Prove that that the inverse to a map is unique.

Question

I'm reading Conceptual Mathematics: An Introduction to Categories by Schanuel and so far, it's only mentioned one method of showing that two maps $f$ and $g$ are equal and that is by showing that if for every point $a:1 \to A$, $f \circ a = g \circ a$, then $f = g$. Then I am asked to show that if two functions $g: B \to A$ and $k: B \to A$ are inverses to a function $f: A \to B$, then $g = k$.

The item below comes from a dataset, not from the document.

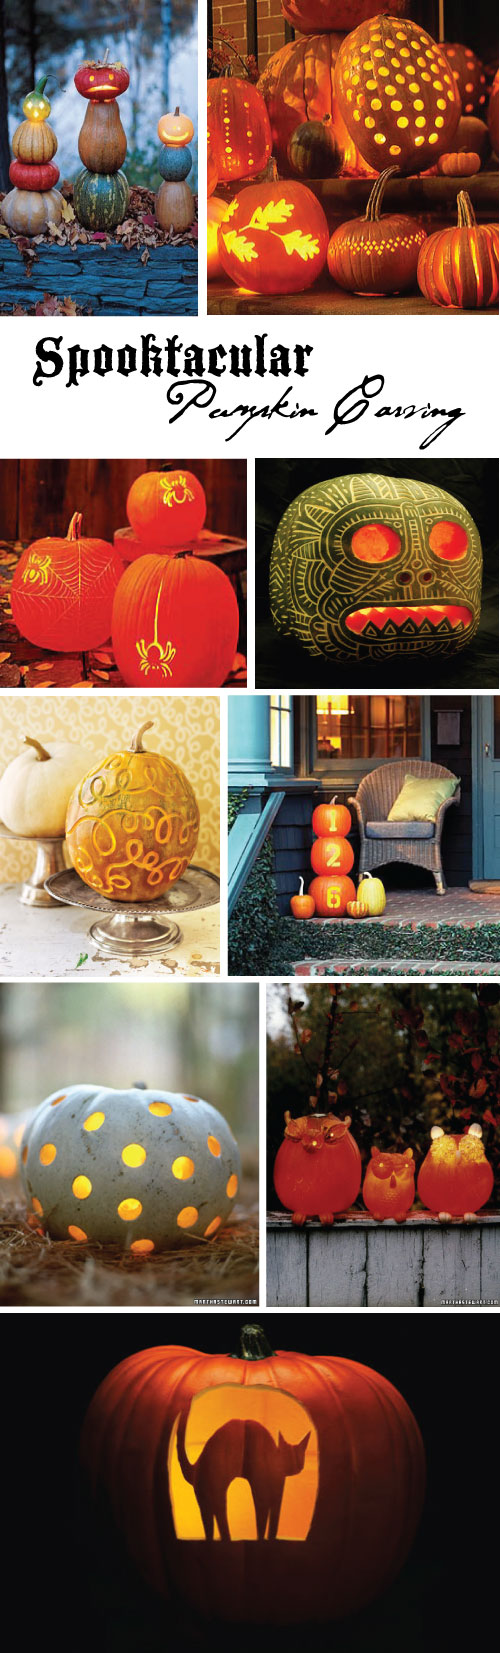 spooktacular_pumpkins

So far, all I have is that if $g$ and $k$ are both inverses to $f$, then $f \circ g = f \circ k = \mathbf 1_A$ and $g \circ f = k \circ f = \mathbf 1_B$, however this doesn't seem to help very much. I'm wondering, can I say that because I know that Dom(g) = Dom(k) $\land$ Codomain(g) = Codomain (k) $\land$ $f \circ g = f \circ k$ that it must be the case that g = k?

Answer 1

The argument you propose does not hold in general. We say $f$ is a monomorphism if $f\circ g=f\circ k$ implies $g=k$ for any (valid) $g,k$. In the case where $f$ is an isomorphism, then $f$ is a monomorphism, which can be shown by the following:

Since $f\circ g=f\circ k$, we must have $$g\circ(f\circ g)=g\circ(f\circ k),$$ and by associativity this is $$\mathbf{1}_B\circ g=(g\circ f)\circ g=(g\circ f)\circ k=\mathbf{1}_B\circ k,$$ hence $g=k$..